Salvation Army to close Bend store
Published 5:00 am Wednesday, July 4, 2007
- Heather Wyke rings up Betty McGraw for her book purchase. McGraw frequents thrift stores looking for books and other “small treasures.” Once The Salvation Army Thrift Store on Second Street in Bend closes, McGraw will “really miss it.”
Bargain-hunters of Bend: At the end of July, there will be one fewer thrift store available for finding deals.
The Salvation Army in Bend announced Tuesday that it will close its thrift store, at 755 N.E. Second St., on July 31.
“In the last three or four months, it just wasn’t meeting the quota (of sales),” said Capt. John Tumey, the Salvation Army director in Bend. “We have to make a certain amount to cover the cost of employees, and it wasn’t meeting that.”
Tumey said the necessary amount of revenue the thrift store needed to survive was $600 per day, but that in recent months the store had sometimes failed to produce half that figure.
Once the building closes, The Salvation Army will continue to use it for other purposes, particularly for storage, and hopes to sell it after the holiday season.
But Tumey wants one thing to be clear: The thrift store might be closing its doors, but the rest of its services will remain intact. For example, The Salvation Army will still provide food boxes and help with rent.
The seven employees who work at the Salvation Army Thrift Store were informed Tuesday morning that the store would close. The store will stop accepting donations Saturday.
The organization, which is 109 years old, has had a foothold in Bend since the 1980s, and the thrift store had been serving the Bend area since 1992.
“We’re in a weird location,” Tumey said, referring to being set off the street. “It’s not a prime location, and that’s been one of the downfalls.”
There are at least seven other nonprofit thrift stores in the Bend area.

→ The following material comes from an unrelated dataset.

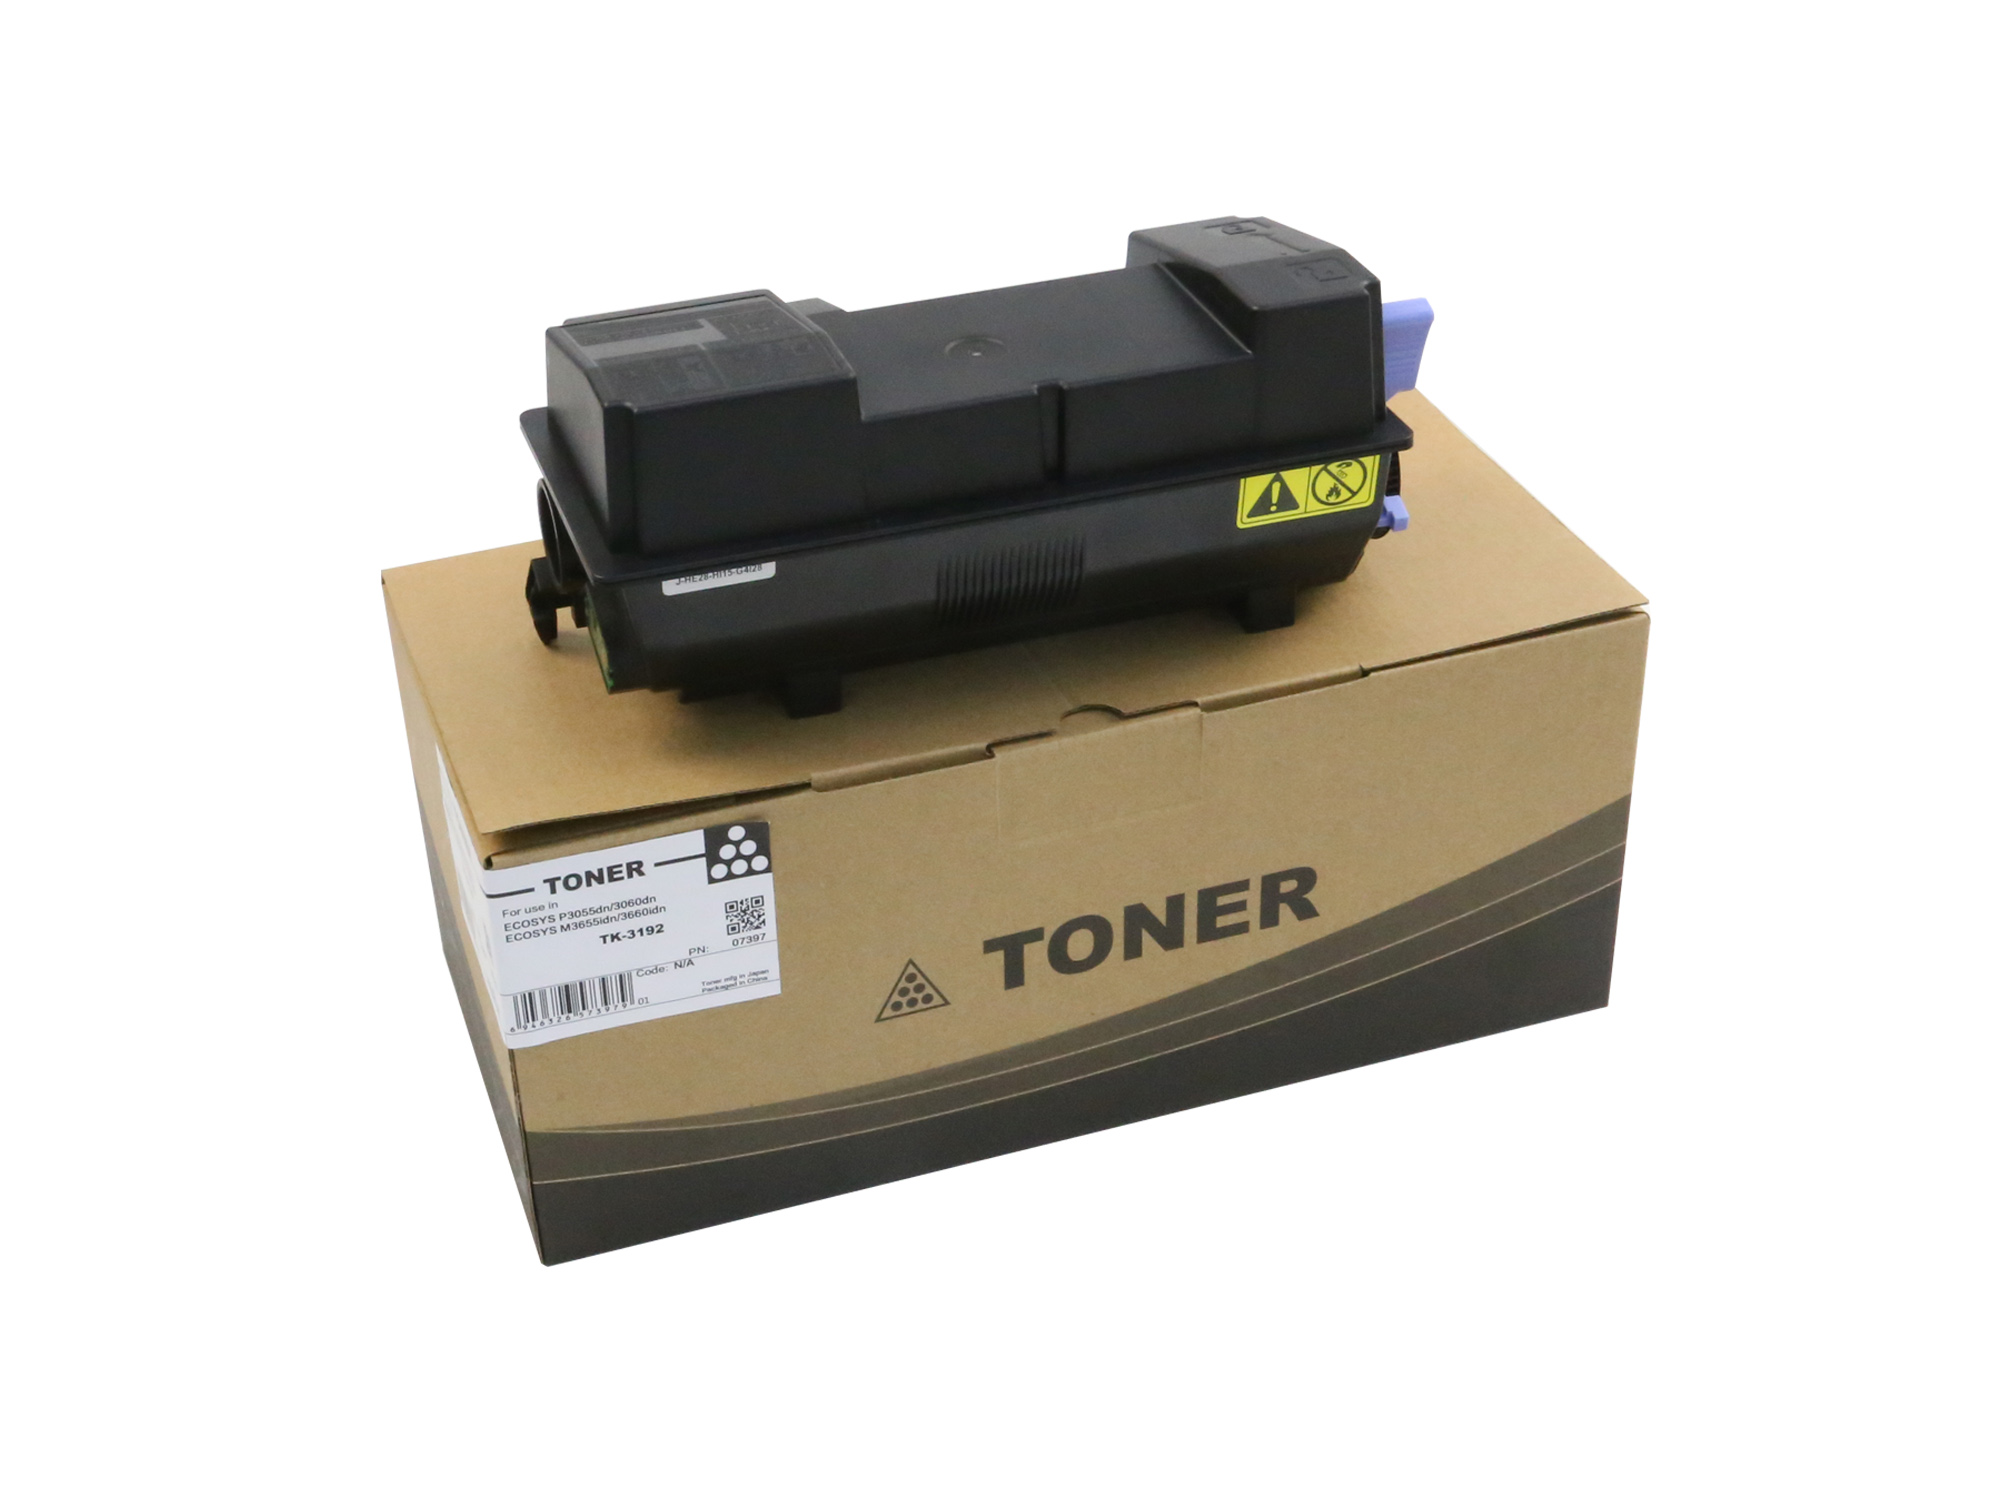 TK-3192 Toner Cartridge for Kyocera ECOSYS P3060dn

While The Salvation Army’s thrift store was seeing revenues of less than $600 per day, Goodwill Industries’ thrift store in Bend reported revenues of over $2.7 million in 2006, which translates into approximately $10,400 per day.
And St. Vincent de Paul’s thrift store is looking to remodel or move to a new location now that its 401 N.E. Second St. location, down the street from The Salvation Army’s thrift store, is averaging $1,500 per day in sales.
Revenues from thrift stores run by nonprofit corporations go toward paying employee wages and benefits and funding their social-service programs.
For other area thrift stores, The Salvation Army’s departure from the scene comes with mixed feelings.
“That would mean that there would be another avenue as far as donations coming in,” said Sheila Bruce, the director of retail services at St. Vincent de Paul’s thrift store in Bend. “We will have probably a little larger donation base now.”
In 2003, The Salvation Army shut its Bend shelters because of budget shortfalls, and due to recent gas price increases, the nonprofit has stopped handing out gas vouchers. But The Salvation Army’s youth programs and food donations continue to thrive.
The Salvation Army’s food box program, which provides food to people in need, gave out 323 boxes of food in June and 340 boxes in May. The program has seen an increase in demand in the past year.
Without the revenues from the thrift store, The Salvation Army expects that it will still be able to thrive in the community, using proceeds from its mail appeal program.
“With the community stepping up and giving us money, we’ll continue to grow stronger here,” Tumey said. “We’re closing one avenue, but we’re still in town. We’re not going anywhere.”